Если личности удается, все же, подавить свои инстинкты, приспособясь к жесткой форме, которую ему навязало с детских лет семья, религия и/или общество в целом, она будет глубоко несчастна, страдая и заставляя, в свою очередь, страдать других, проявляя крайнюю нетерпимость и враждебность ко всем, кто не следует тем же исключительно строгим принципам, которые он вынужден соблюдать, к тем, которые следуют другим жизненным правилам и имеют другие воззрения. Будучи сам вынужден жить под постоянным давлением, он будет ненавидеть всех тех, кто не желает жить по его канонам. Это – постоянный источник нетерпимости, зависти и ненависти в обществе, которые, накапливаясь, могут привести к социальному взрыву. История может предоставить нам огромное количество примеров, когда деспотические режимы, надев на граждан чрезмерно жесткую и узкую «смирительную рубашку», нарушая их натуральные права и подавляя их стремление к свободе, в конце концов находили свою гибель во взрыве народного гнева.
В эту же схему вписываются крайние проявления религиозного фанатизма, когда неистовый гнев фанатиков, задыхающихся под гнетом религиозных рестрикций, навязанных им собственной религией, рикошетом поражала не истинных виновников такого положения, а невинных жертв, которые не признавали этих рестрикций или же просто попадали им «под горячую руку». Чересчур трусливые для того, чтобы возмутиться против религиозных авторитетов, прикрывающихся именем господа и его силой, они искали выход своим накопившимся агрессивным устремлениям. Хотя религиозный фанатизм и был направлен, в общем, против всякого проявления свободы совести, мысли и их выражения, то существовали также и специфические его формы. Рассмотрим, к примеру, те последствия, к которым приводило религиозное предписание соблюдения целибата для католических священников и монахов. Очевидно, те, которые его нарушали, могли ожидать наказания как со стороны религиозных авторитетов, так и со стороны божества, внутренние же последствия, касающиеся их личности, выражались либо в развитии комплекса вины различной степени тяжести, либо в полном моральном разложении. Такие случаи нередко бывали в истории католической церкви, некоторые в высших эшелонах церковной иерархии, общеизвестные и скандальные. Но церковники, которые нарушали этот режим, как правило, не проявляли нетерпимости и агрессивности, наоборот – они смотрели сквозь пальцы на аналогичные нарушения со стороны своих собратьев и своей паствы. Они, так сказать, «жили сами и давали жить другим», мирно способствуя моральному разложению внутри церкви и порче нравов в обществе.
Что касается тех, кто строго придерживался предписанных рестрикций, последствия целибата били гораздо сильней. Будучи одержимы своими сексуальными проблемами, они исступленно боролись против «бесовских наваждений», становясь крайне агрессивными и интолерантными. Они с пеной у рта предавали анафеме всех грешников, виновных в грехе прелюбодеяния. Некоторые становились злобными женоненавистниками, видя в женщине корень всех зол, первопричину этого особо ненавистного им греха, к которому их тянуло с огромной силой и которому они сопротивлялись с не меньшим остервенением. Зелен виноград, что известно нам еще из Эзоповской басни. При этом они забывали, что не только женщина является для мужчины источником сексуального влечения, но и наоборот. Несомненно одно: целибат оказывался для осужденных к нему чрезмерно великим испытанием, приводящим нередко к серьезным сдвигам в психике, а то и к душевным болезням.

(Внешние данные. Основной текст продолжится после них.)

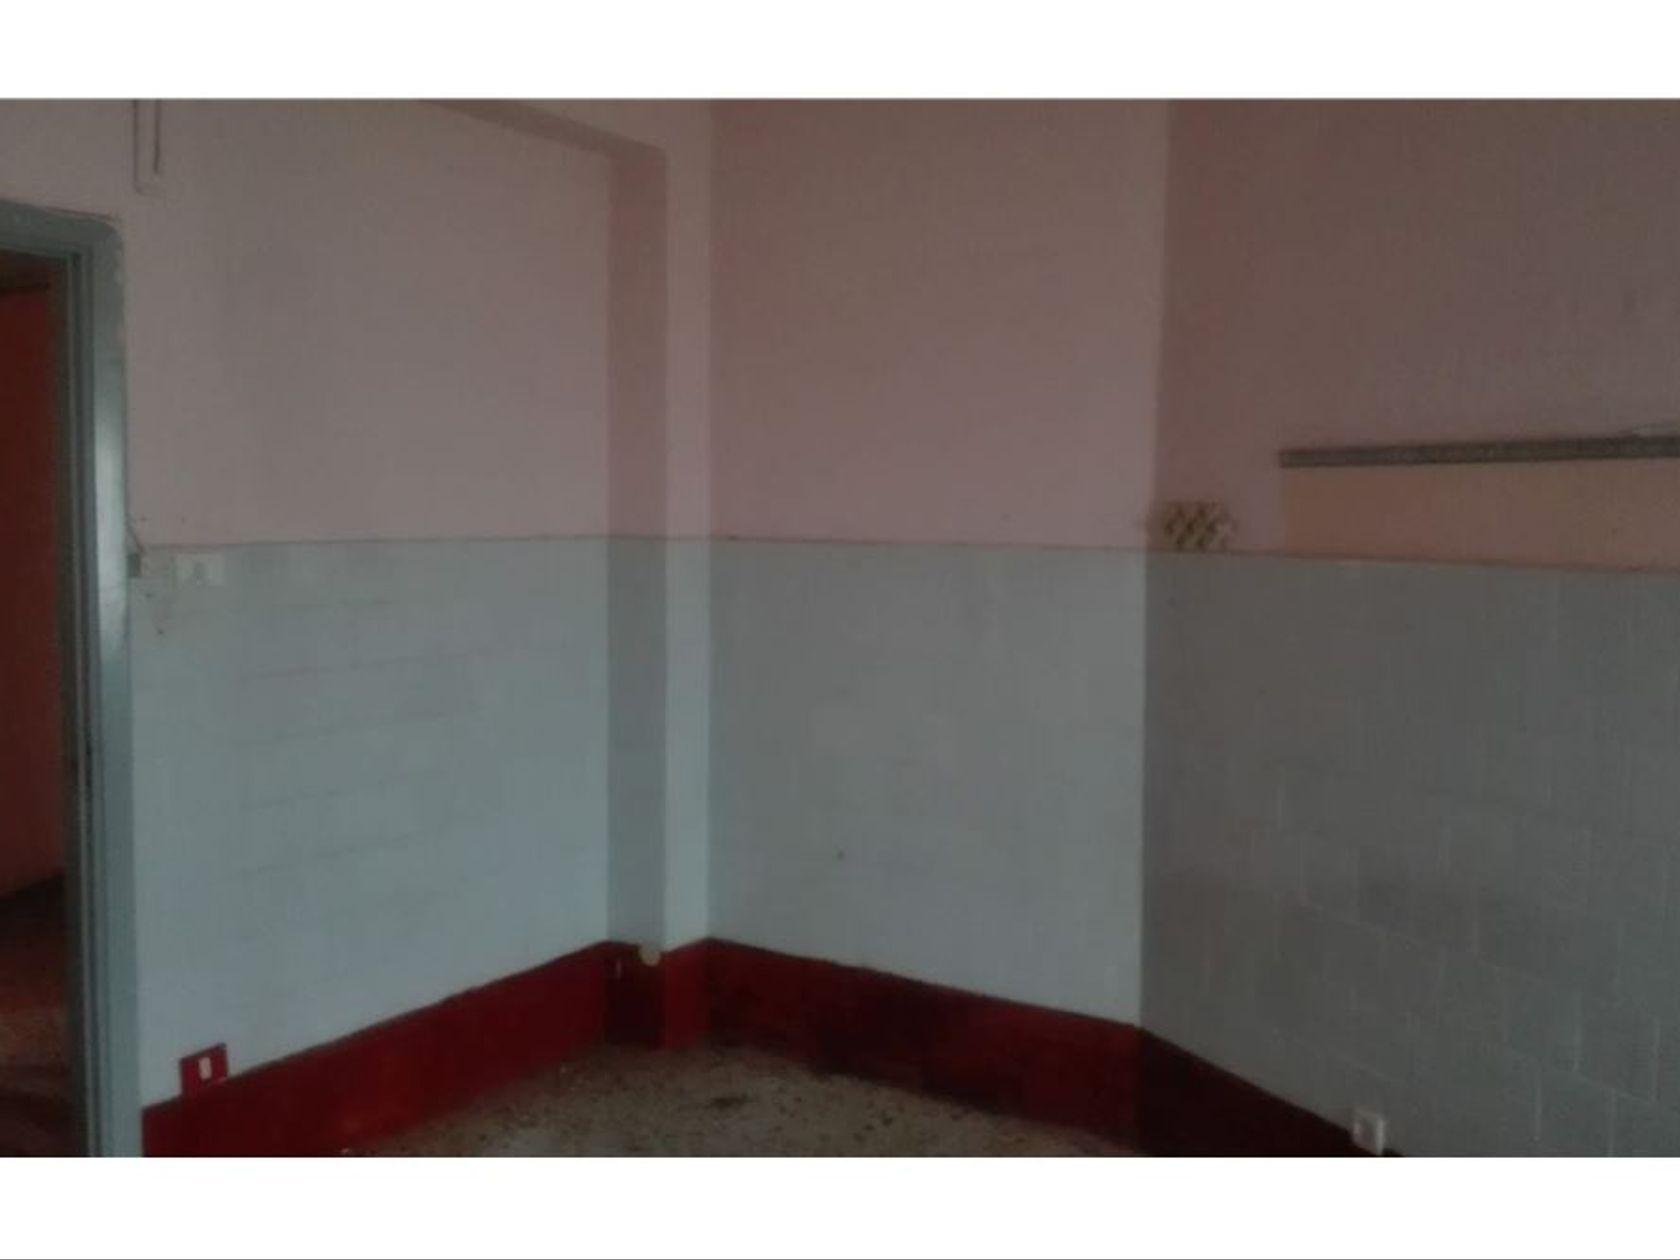 Appartamento Santa Maria, Catanzaro, CZ Vendita - Foto 19

Женоненавистничество праведных католических монахов и священников был феноменом того же психофизиологического порядка, что и религиозный фанатизм вообще. В Средние Века охота на ведьм был крайним проявлением этого мизогинизма, культивируемого религией, вследствие того, что женщинам отказывали в праве иметь собственное мнение и ставилось под сомнение их способность к мышлению. Любая женщина, которая проявляла склонность к «чисто мужским» занятиям, сразу становилась подозреваемой в связях с нечистой силой и ее сжигали на костре наравне с мужчинами, навлекшими на себя обвинения в ереси. Случай Жанны Д’Арк типичен в этом отношении, хотя и далеко не единственный. Еще на заре христианства в Александрии была побита камнями и расчленена гречанка Хипатия (Гипатия) – женщина-ученый, философ, астроном и математик, последняя руководительница философской школы в Александрии и хранительница знаменитейшей и богатейшей Александрийской библиотеки. Религиозные фанатики, действовали по указке архиепископа Кирилла, впоследствии причисленного к лику святых! То, что Хипатия была еще и красивой женщиной, отнюдь не остановило их, а возможно, значительно подогрело их фанатическую прыть.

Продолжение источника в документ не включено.